### Stored data
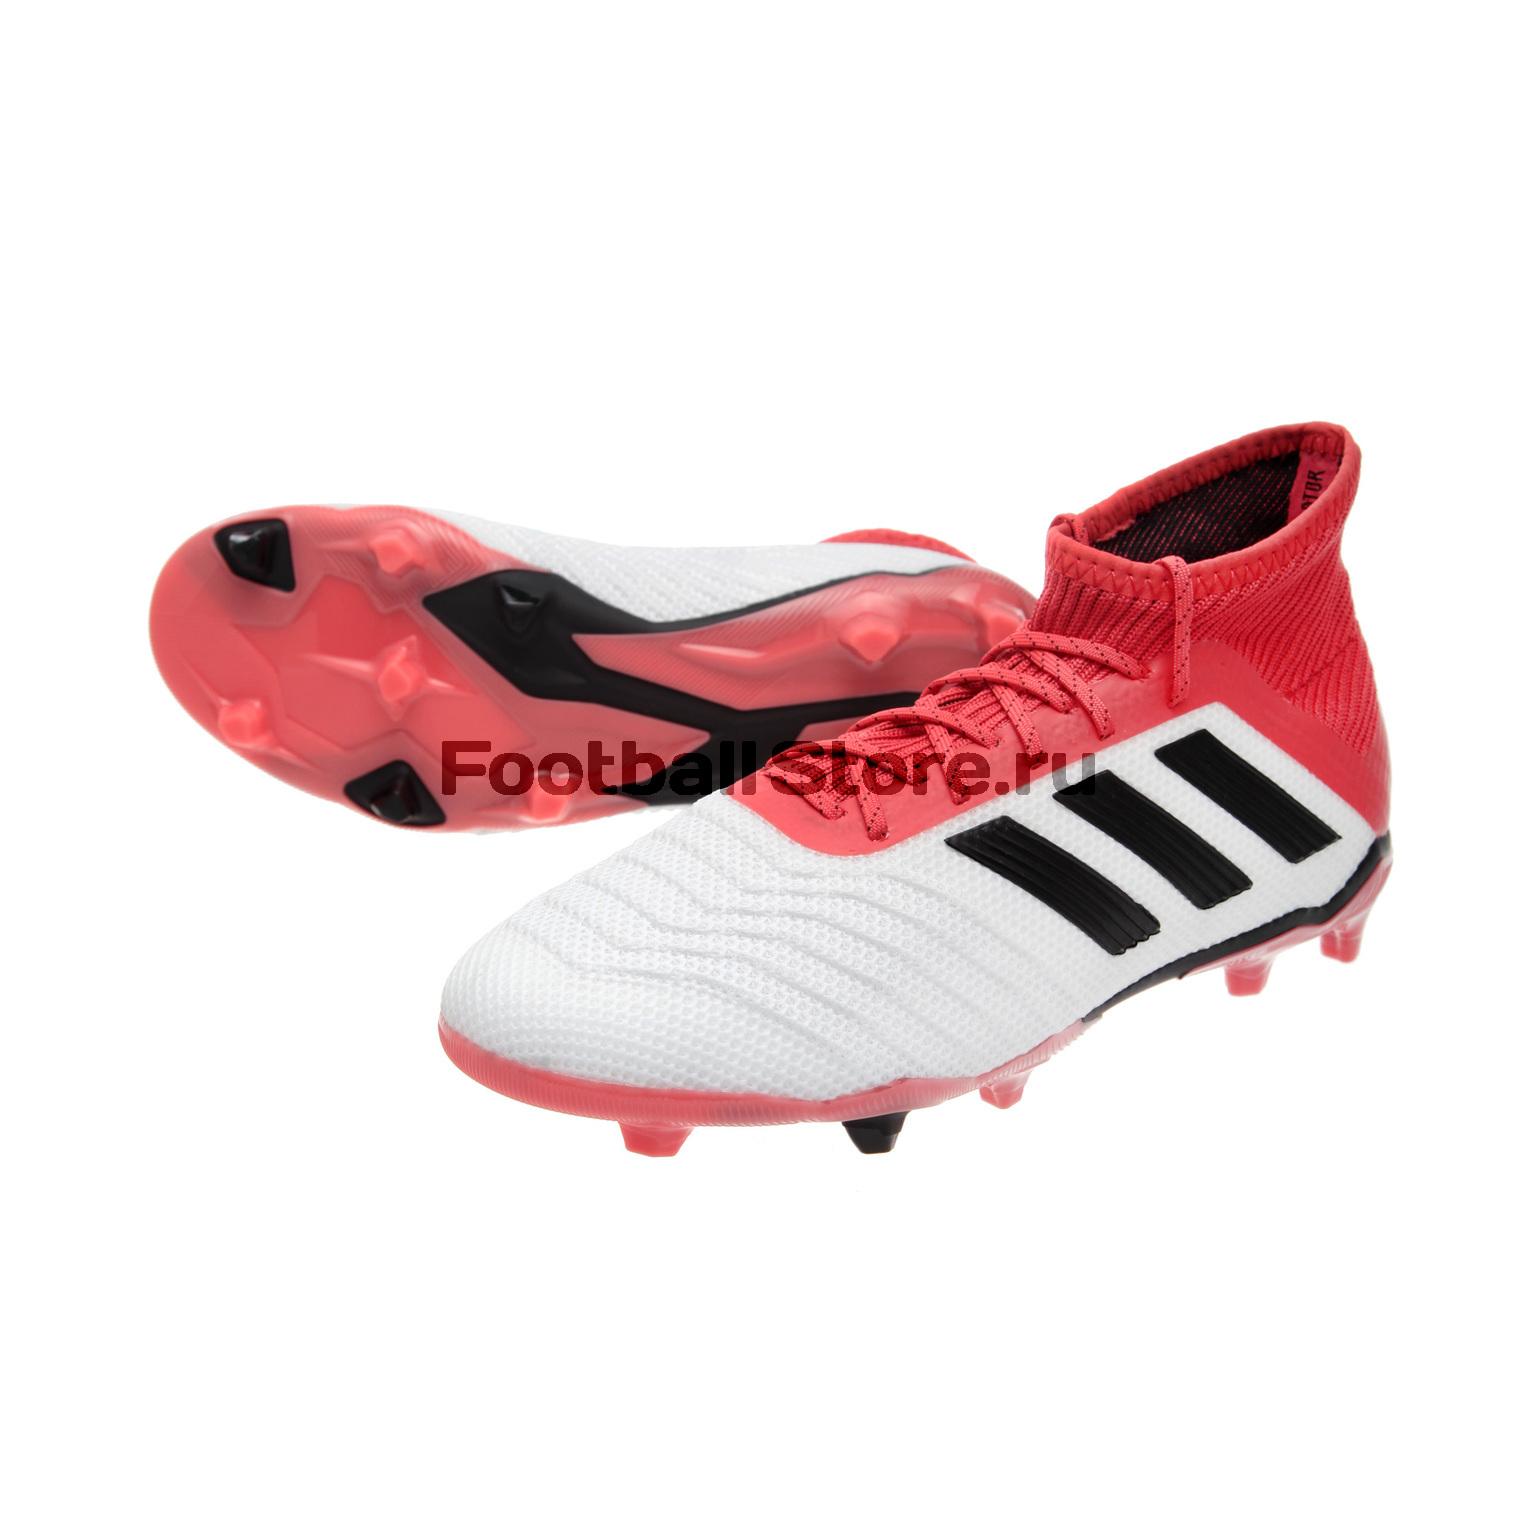 Бутсы Adidas Predator 18.1 FG JR CP8873 adidas predator junior gk glove
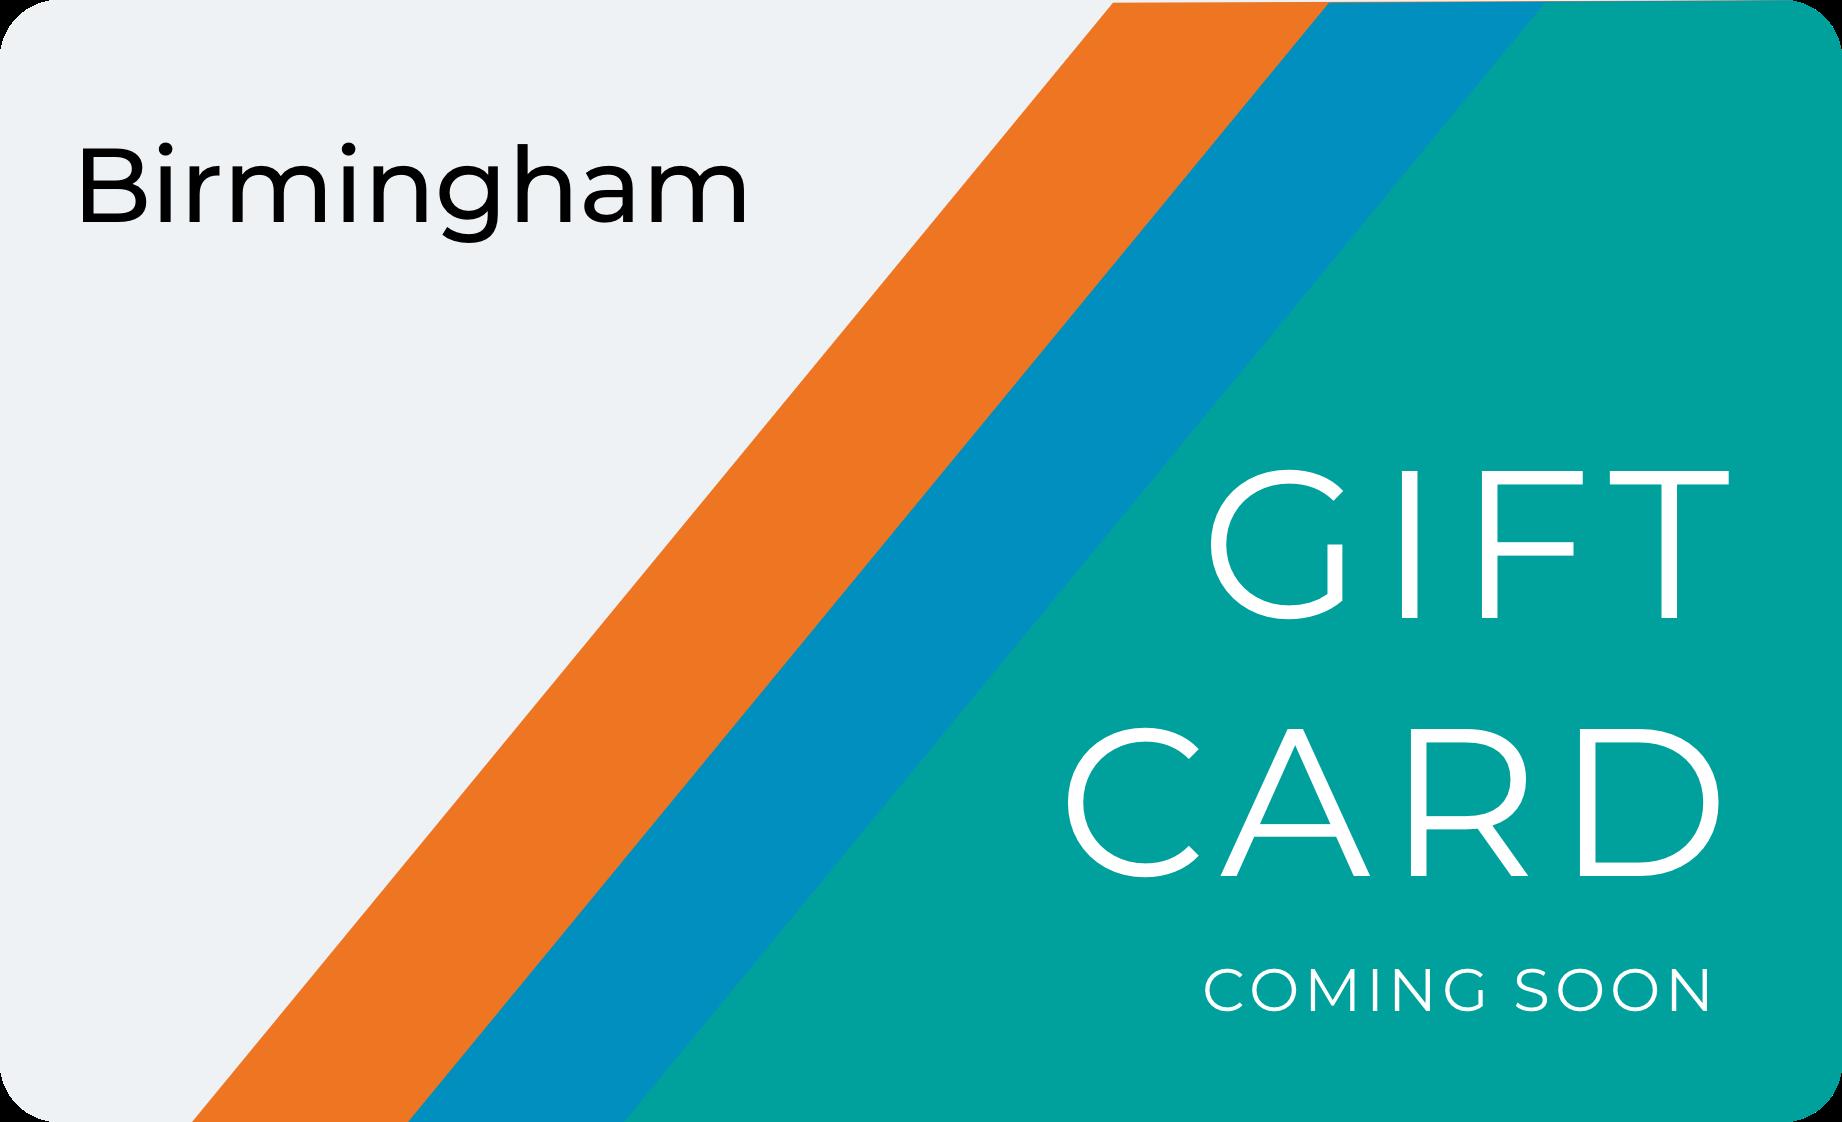 Birmingham Gift Card
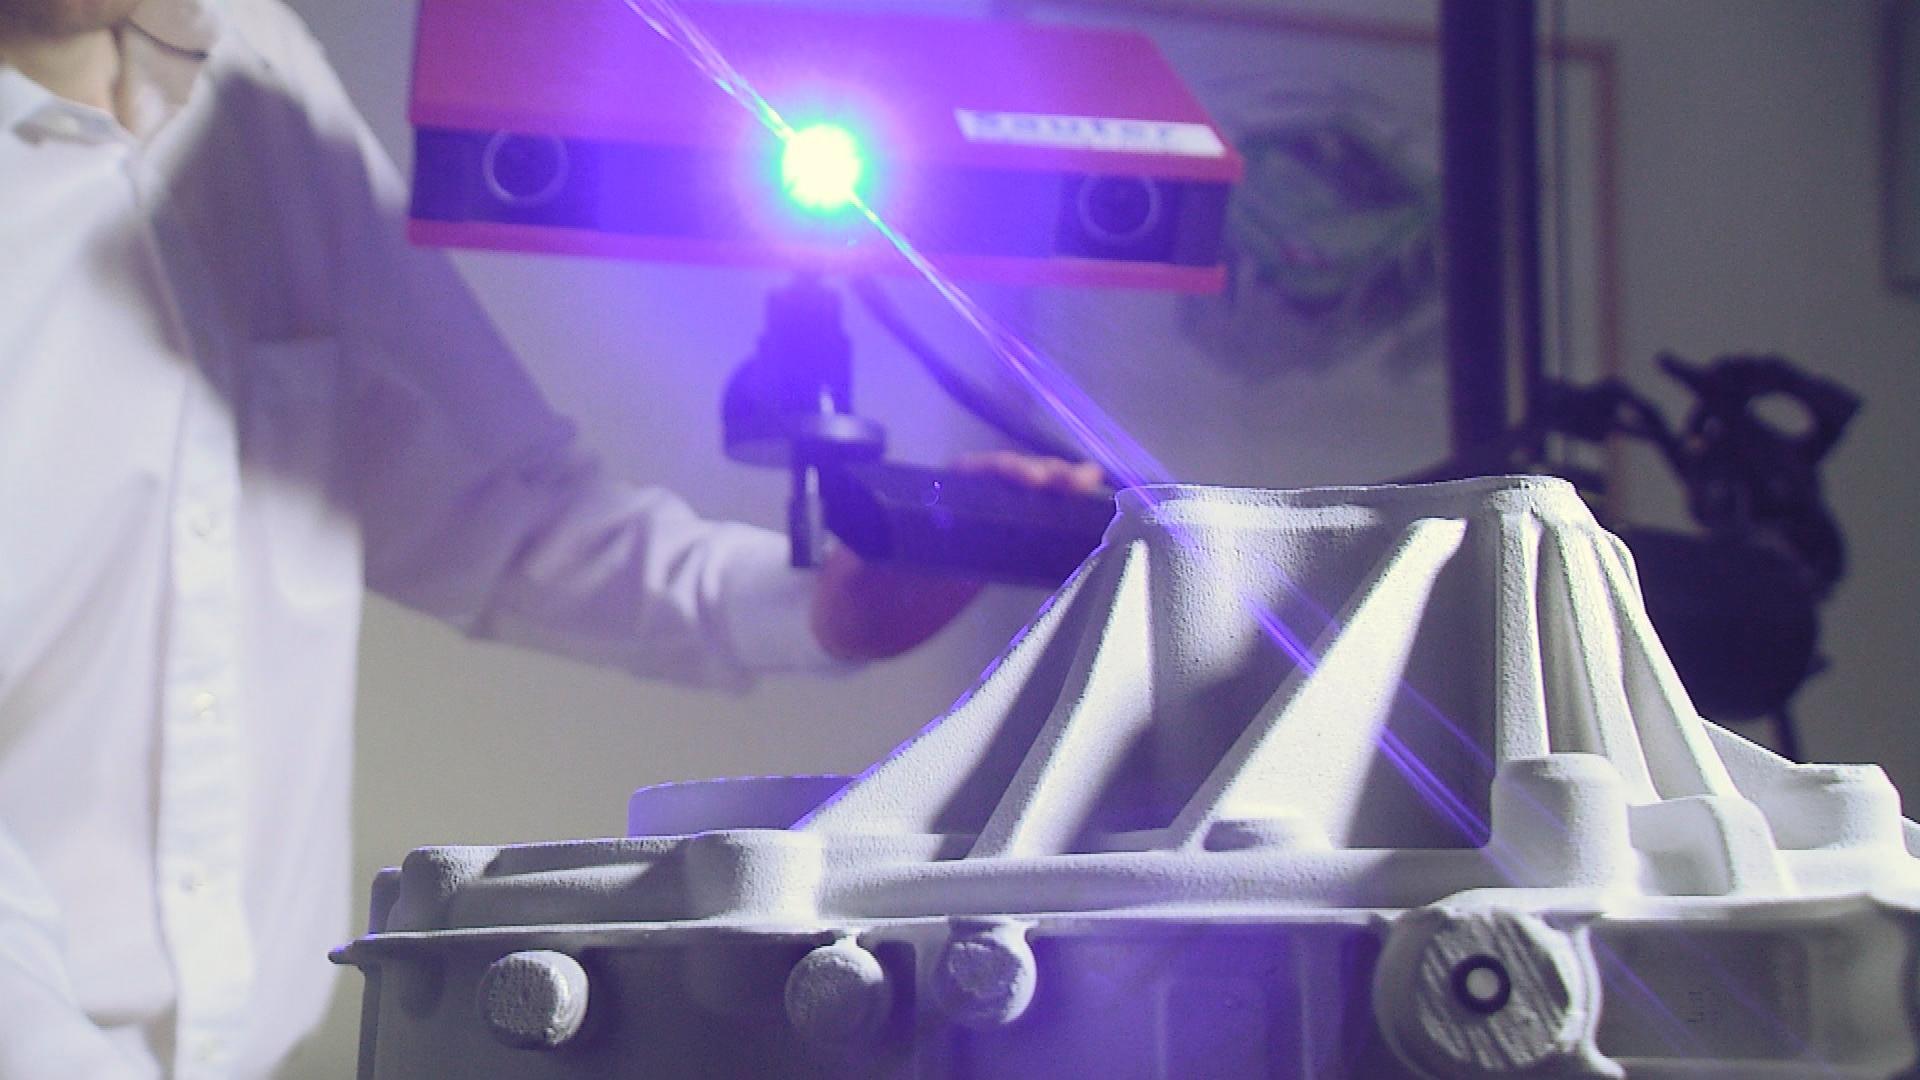 Sauter_Engineering+Design_Industrielle_Messtechnik-Geometrie+Material-Inspection-001
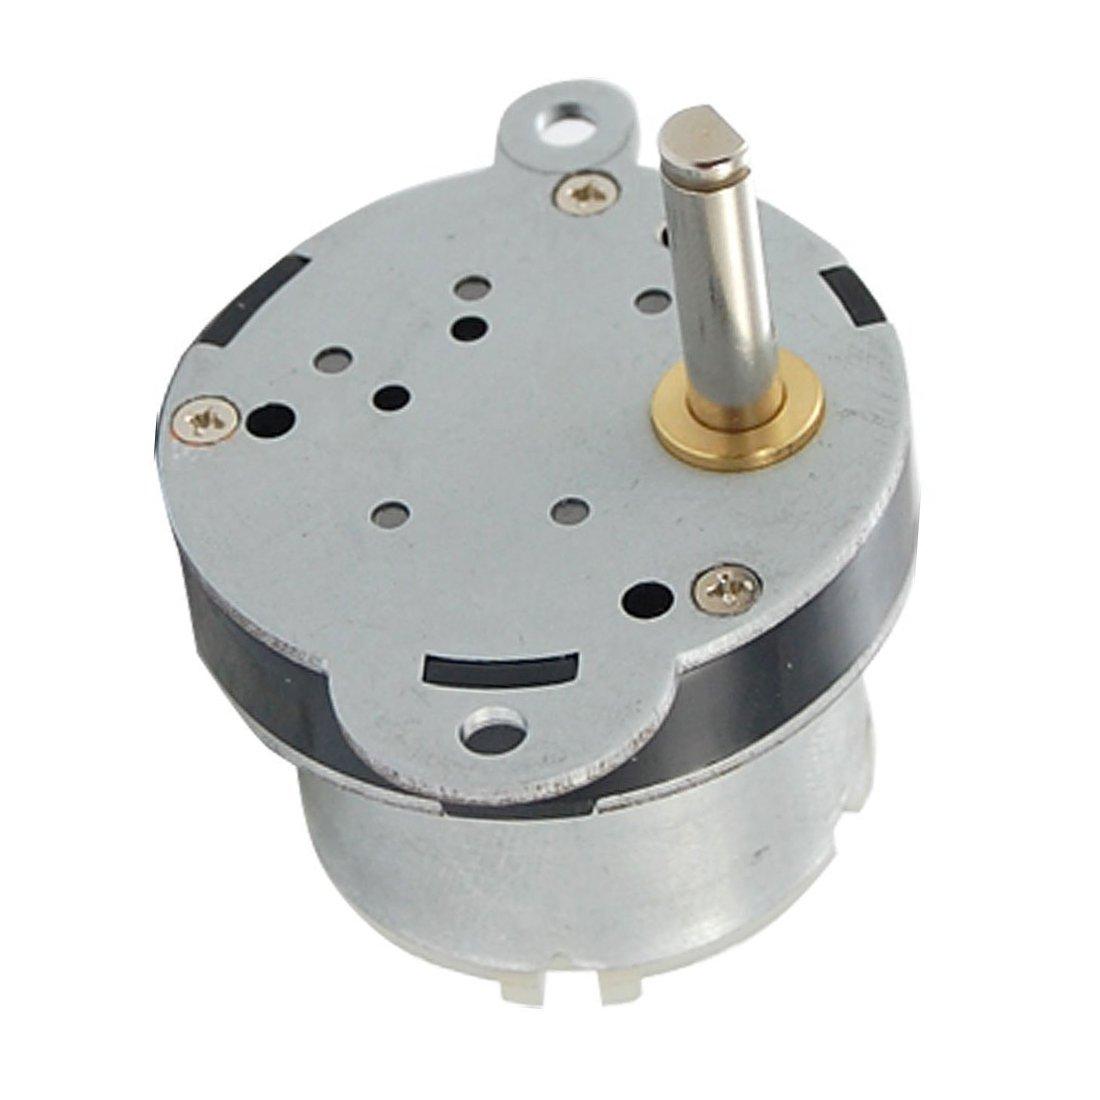 Yohii 7RPM DC 12V High Torque Electric DC Gear Box Motor Speed Reducer 5mm Dia Output Shaft for Robot

### What to produce
Output the listing above in full and exactly, with pictures excluded.

### Answer box
 Бутсы Adidas Predator 18.1 FG JR CP8873 adidas predator junior gk glove
 Birmingham Gift Card
 Sauter_Engineering+Design_Industrielle_Messtechnik-Geometrie+Material-Inspection-001
 Yohii 7RPM DC 12V High Torque Electric DC Gear Box Motor Speed Reducer 5mm Dia Output Shaft for Robot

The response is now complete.